MLA, Bihar Legislative Assembly
- In office 2015–2020
- Preceded by: Damodar Singh
- Succeeded by: Vijay Shanker Dubey
- Constituency: Maharajganj

Personal details
- Born: 1 November 1960 (age 65) Kashdewra Pokhra, Maharajganj, Siwan
- Party: Janta Dal United JDU (From 2013)
- Spouse: Badami Devi
- Children: 04
- Alma mater: Intermediate

= Hemnarayan Sah =

Indian politician

Hemnarayan Sah is an Indian politician and leader of Janta Dal United. He was the Member of the Bihar Legislative Assembly for Maharajganj between 2015 and 2020.

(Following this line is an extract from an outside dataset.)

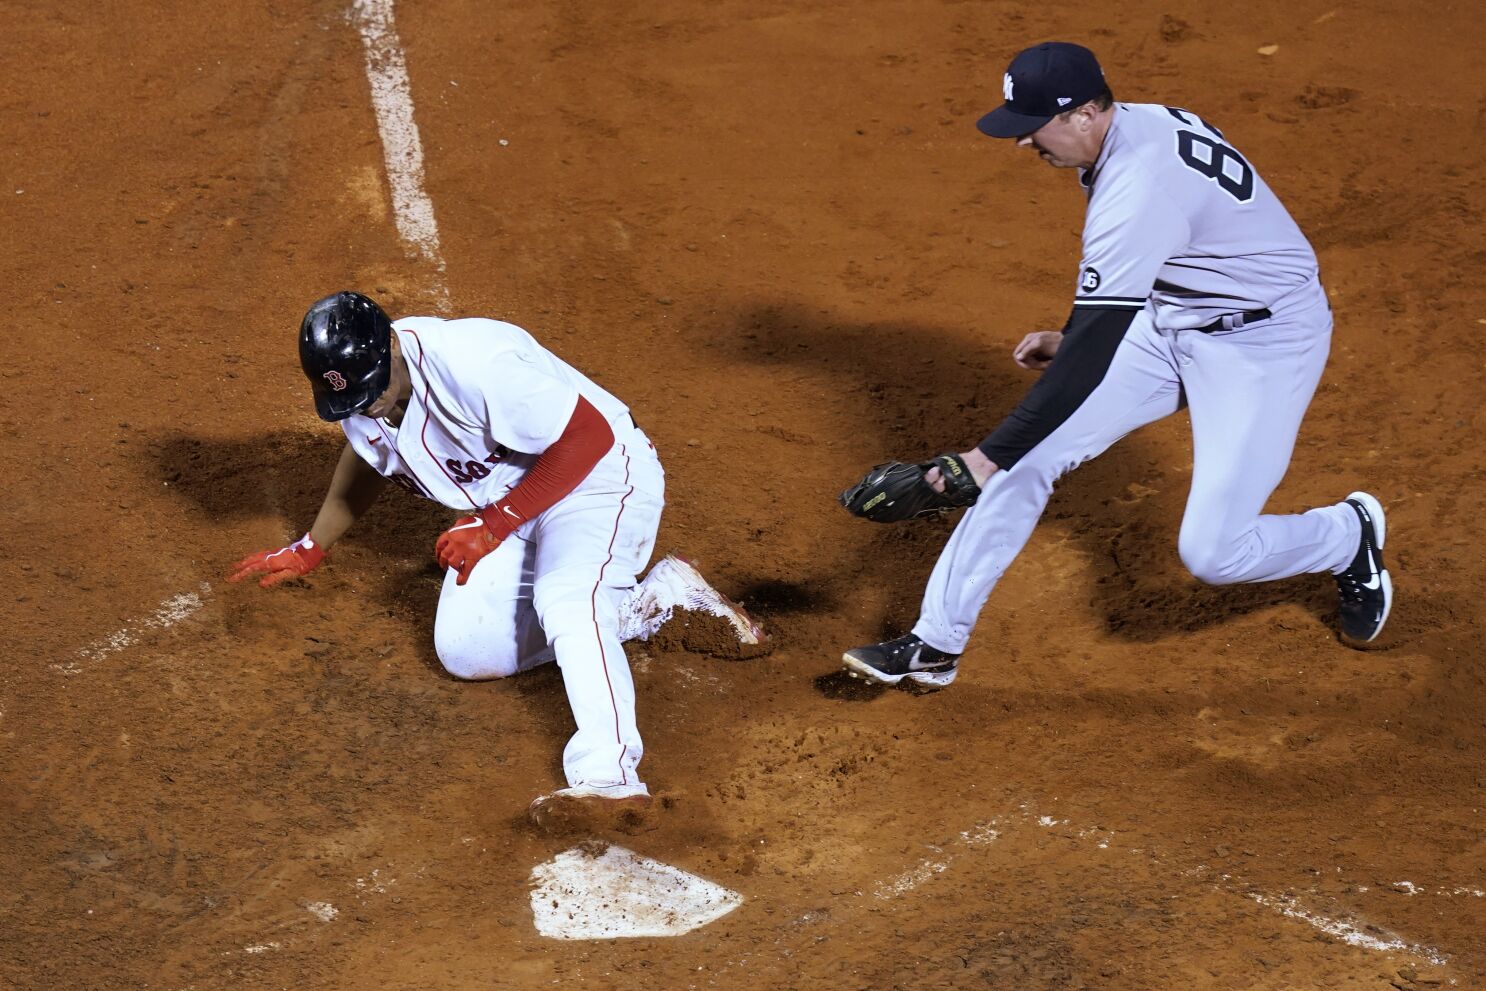 Verdugo, Red Sox beat Marlins in rain-shortened game

In the 2015 Bihar Legislative Assembly election, Sah won the Maharajganj seat with 68,459 votes, defeating BJP candidate Kumar Deo Ranjan Singh by a margin of 20,292 votes. In the 2020 election, he narrowly lost the seat to Indian National Congress candidate Vijay Shanker Dubey by a margin of 1,976 votes, receiving 46,849 votes. He regained the seat in the 2025 Bihar Legislative Assembly election, winning with 86,813 votes and a majority of 21,099 votes over RJD candidate Ashok Jaiswal.